The locus of a point that moves such that the difference of its distances from two fixed points called the foci is constant. The constant difference is equal to 2a, which is the length of the transverse axis.

**General Equation:**

Ax^2 - Cy^2 + Dx + Ey + F = 0

**Standard Equation:**

Hyperbola with center at (h, k):

Transverse Axis Horizontal

(x-h)^2 / a^2 - (y-k)^2 / b^2 = 1

Transverse Axis Vertical

(y-k)^2 / a^2 - (x-h)^2 / b^2 = 1

**KEY FORMULAS AND SHORTCUTS:**

** 2a = Length of transverse axis**

** 2b = Length of conjugate axis**

** 2c = distance between the foci**

2b^2 / a **= Length of Latus Rectum**

** d = ** a/e ** = distance from center to directrix**

** e = c/a = eccentricity of hyperbola (greater than 1 for hyperbola)**

c^2 = a^2 + b^2** where c is the distance from center to focus**

From the General Equation Ax^2 - Cy^2 + Dx + Ey + F = 0, we have some shortcuts

**Distance from Focus to Center (c) = ** sqrt ( A + C )

** Center (h, k) = **(-D / 2A, E / 2C)

**Special Note:**

To find the equation of the asymptotes of the hyperbola, we can use the standard equation and equate it to 0 instead of 1. We can then get two equations by using the property of sum and difference. (a^2 - b^2) = (a+b)(a-b)

**Examples and Detailed Solutions:**

1. What is the general equation of a hyperbola with Center at (1, 1), vertex at (1, 5) and conjugate axis 6?

Solution:

We can solve first for a since the center and the vertex is given.
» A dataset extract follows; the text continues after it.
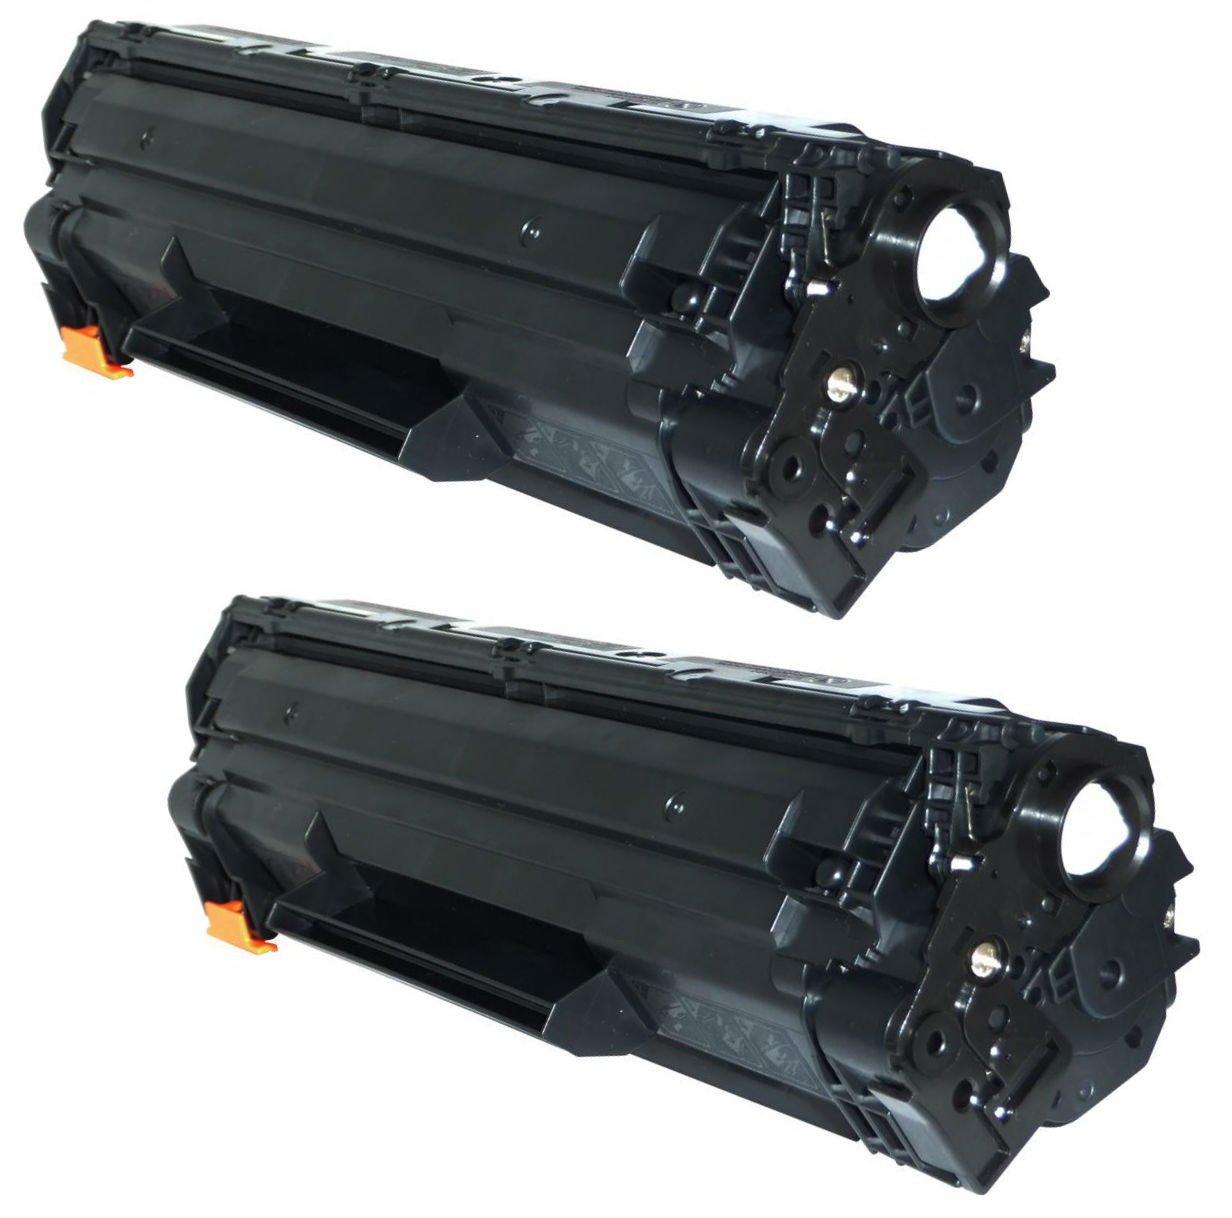 Prestige Cartridge CEA Pack de Cartuchos de tóner láser para HP Laserjet
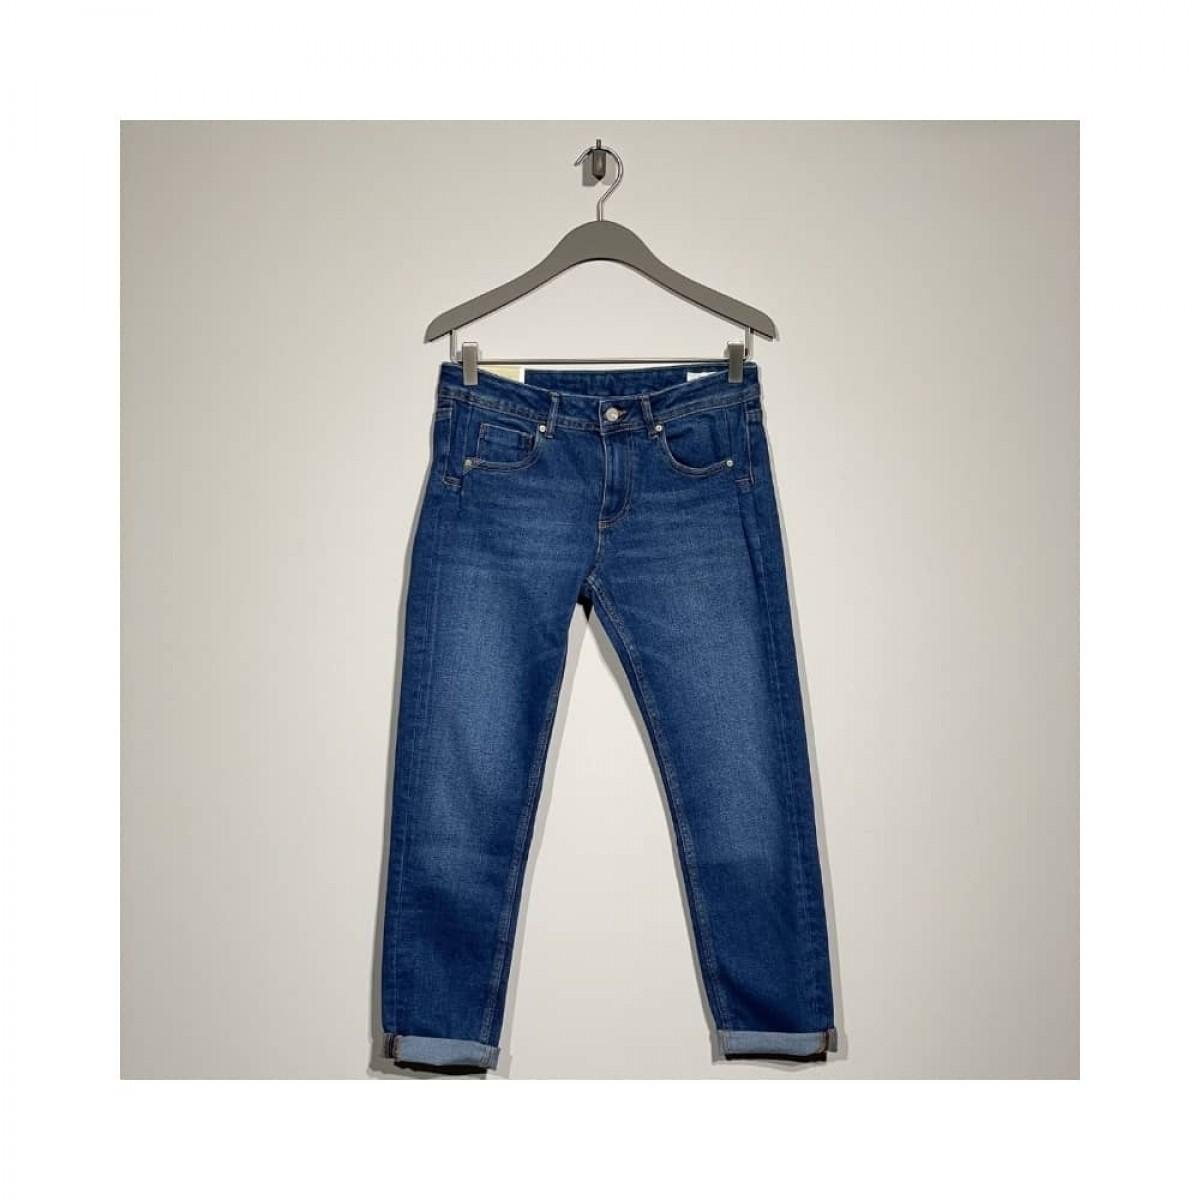 nina boyfriend jeans - blue

We just need to get the distance.

Thus a = 4.

Also, conjugate axis is equal to 2b. Thus 2b = 6 or b = 3.

c^2 = a^2 + b^2

c^2 = 4^2 + 3^2

c = 5

If we graph this, we will notice that the transverse axis is vertical. (Since there was no change on x in vertex and center)

(y-h)^2 / a^2 - (x-h)^2 / b^2 = 1 with (h, k) at (1, 1)

(y-1)^2 / 4^2 - (x-1)^2 / 3^2 = 1

9(y-1)^2 - 16(x-1)^2 = 16(9)

9(y^2 – 2y + 1) - 16(x^2-2x+1)=400

16x^2 - 9y^2 - 32x + 18y + 151 = 0

2**.** Find the equation of the locus of a point which moves so that the difference of its distances from the points (-3, 2) and (7, 2) is 8.

Solution:

Based from the definition, the two fixed points are the foci. Thus, the distance between them is 2c. And the difference is what we called as the transverse axis or 2a.

Distance from (-3, 2) and (7, 2) is 10.

2c = 10

c = 5

2a = 8

a = 4

c^2 = a^2 + b^2

5^2 = 4^2 + b^2

b = 3

To get the Center, get the midpoint of the foci. Midpoint = ( (x1+x2) / 2, (y1+y2) / 2 ) = (-3+7} / 2, (2+2) / 2 )

C is @ (2, 2).

Since the y-value of the foci didn’t change, the transverse axis is horizontal.

(x-h)^2 / a^2 - (y-k)^2 / b^2 = 1 with (h, k) at (2, 2)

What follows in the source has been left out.